I finally was lucky enough to find a few extra minutes between classes, homework, problem sets, eating junk food, studying and, occasionally, sleeping. So I thought I would give you an updated report on what is going on here at MIT.

The most interesting part of MIT is its students: I cannot remember another occasion when I was confronted with a selection of people as strange and fascinating. All of them (or just about all) take their academics very seriously. It is no surprise to meet half your dorm in the kitchen at 4 am, having the traditional late midnight snack.

They certainly study hard, but they play hard as well. They are the only people I know who would wake up a whole dorm floor after they have finished studying for the night (which usually does not happen before their late midnight snack). Why? Just because a bunch of them feel like having an ice-cream party!

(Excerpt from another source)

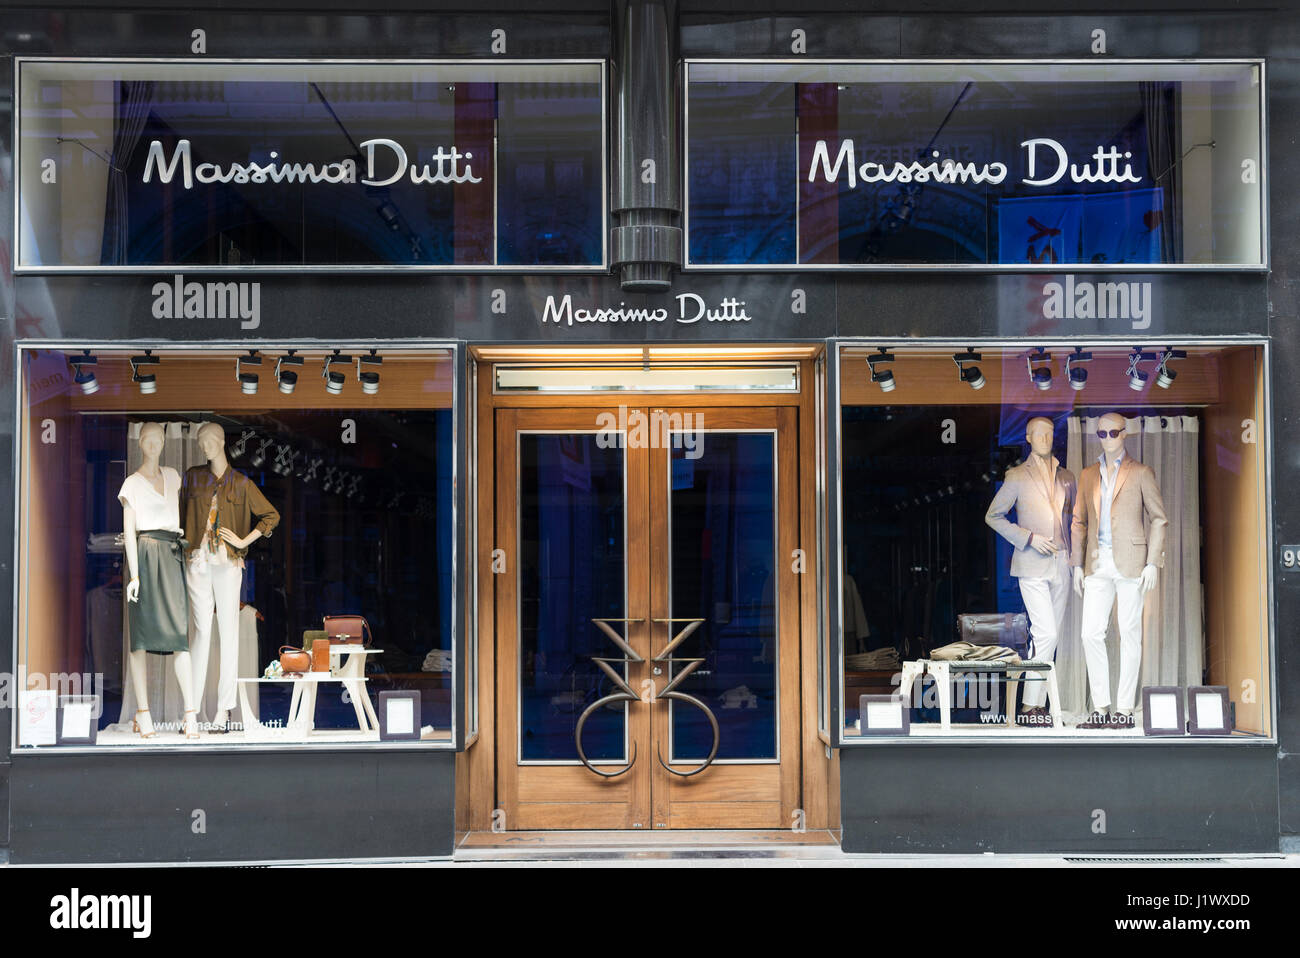 Massimo Dutti store in Antwerp Stock Photo - Alamy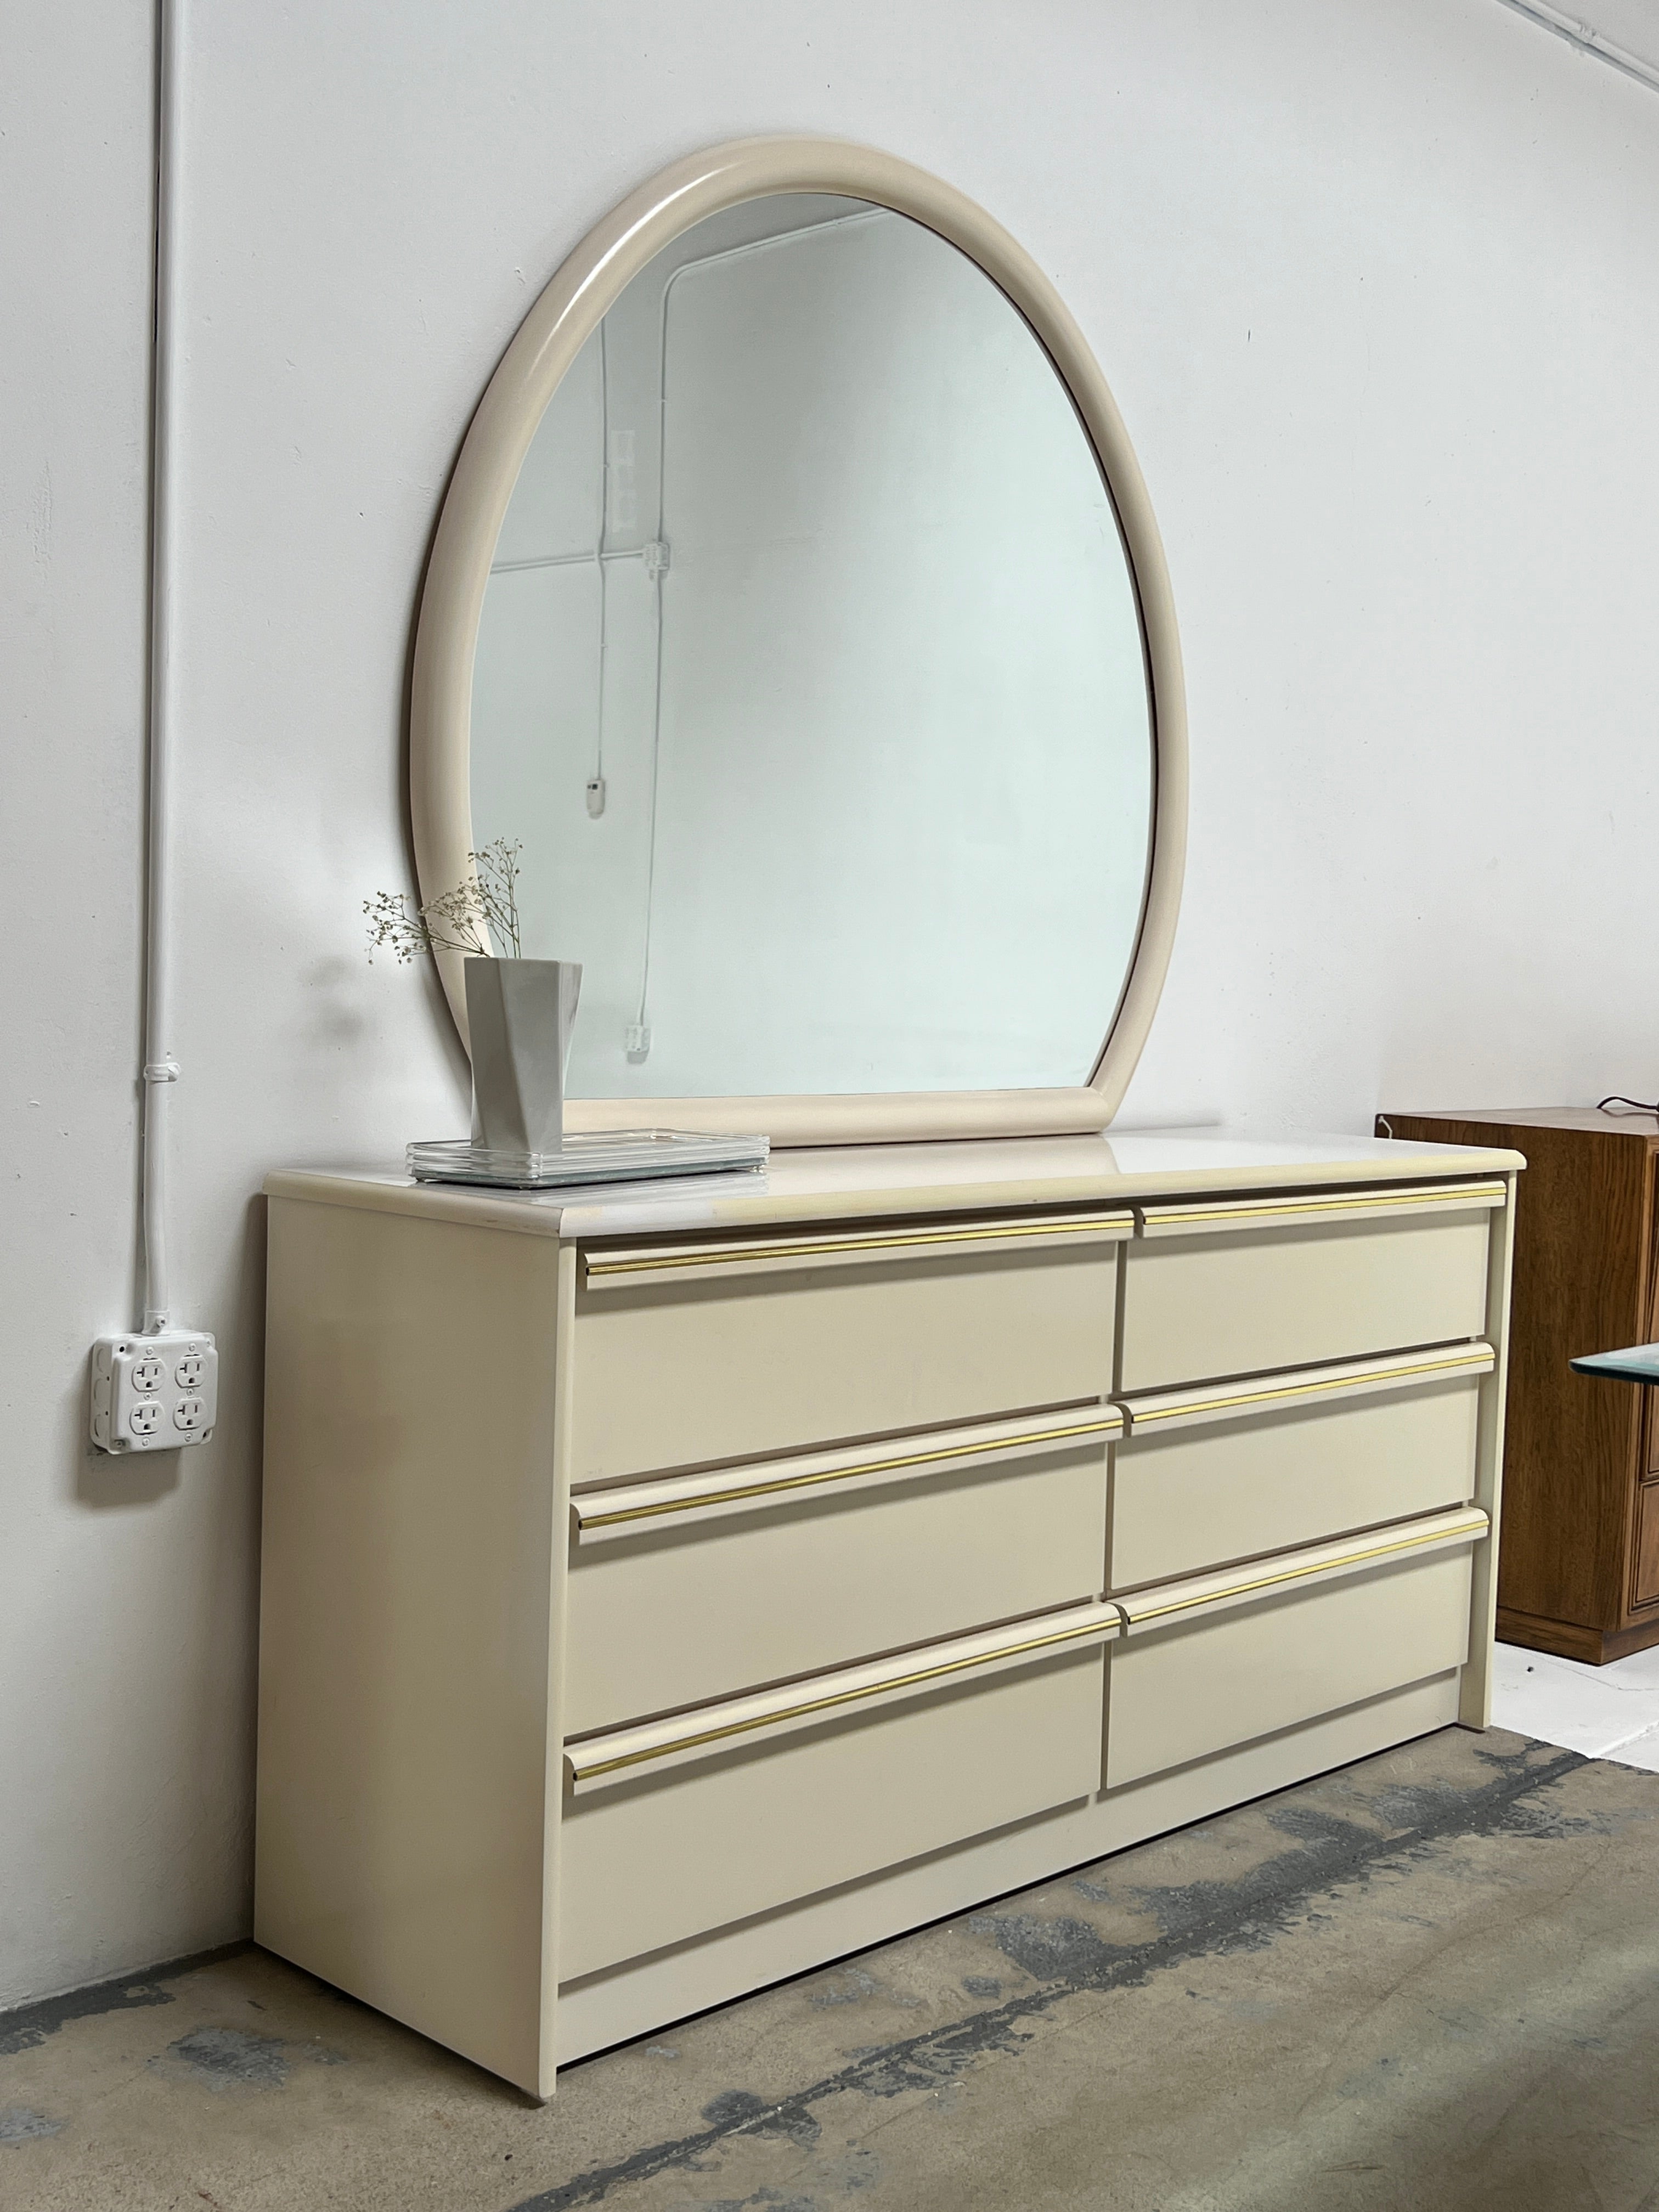 Lowboy Dresser with Mirror by Lane

That may sound like fun, but I somehow object to people lecturing on the importance of ice-cream for a well-balanced diet at 4 am. But I am sure that this sort of thing happens only at the beginning of the semester. Later on even they will have to fight to get their MIT standard amount of three hours of sleep a night.

All of them are obviously brilliant; they seem even more brilliant than I ever was or ever will be. Most of them speak several languages fluently: not German, Latin and Greek as I do, but Pascal, Fortran, and Scheme.

They do not care whether you speak German because it is not important for MIT; they do not care how many computer languages you speak because a real MIT student is expected to have this sort of knowledge; but they do care if you do not know any computer language at all. That is why I, will have a tough time (at least until I can communicate in "MIT-ese.").

Mom, please do not get a wrong idea about the MIT community: people here are weird. But they are about the friendliest nerds I have met so far. There are not too many places where you can stop and start a conversation with a complete stranger. But it would not be advisable to do so if the person has a knife or other weapon in his hand, or if the time is anywhere between five of and ten after the hour, as students rush to and from classes.

Maybe it is because most students consider MIT their second home, and are willing to put some effort into making it a nice place to spend the next three or four years; or maybe they are just too special to simply tell you to get lost.

Anyway, my Chipmunk is waiting. I have not even started working on my problem set. I still have not figured out how to use the computer. Boston is nice and cold, the girls are nice and cold, and I need some new sweaters.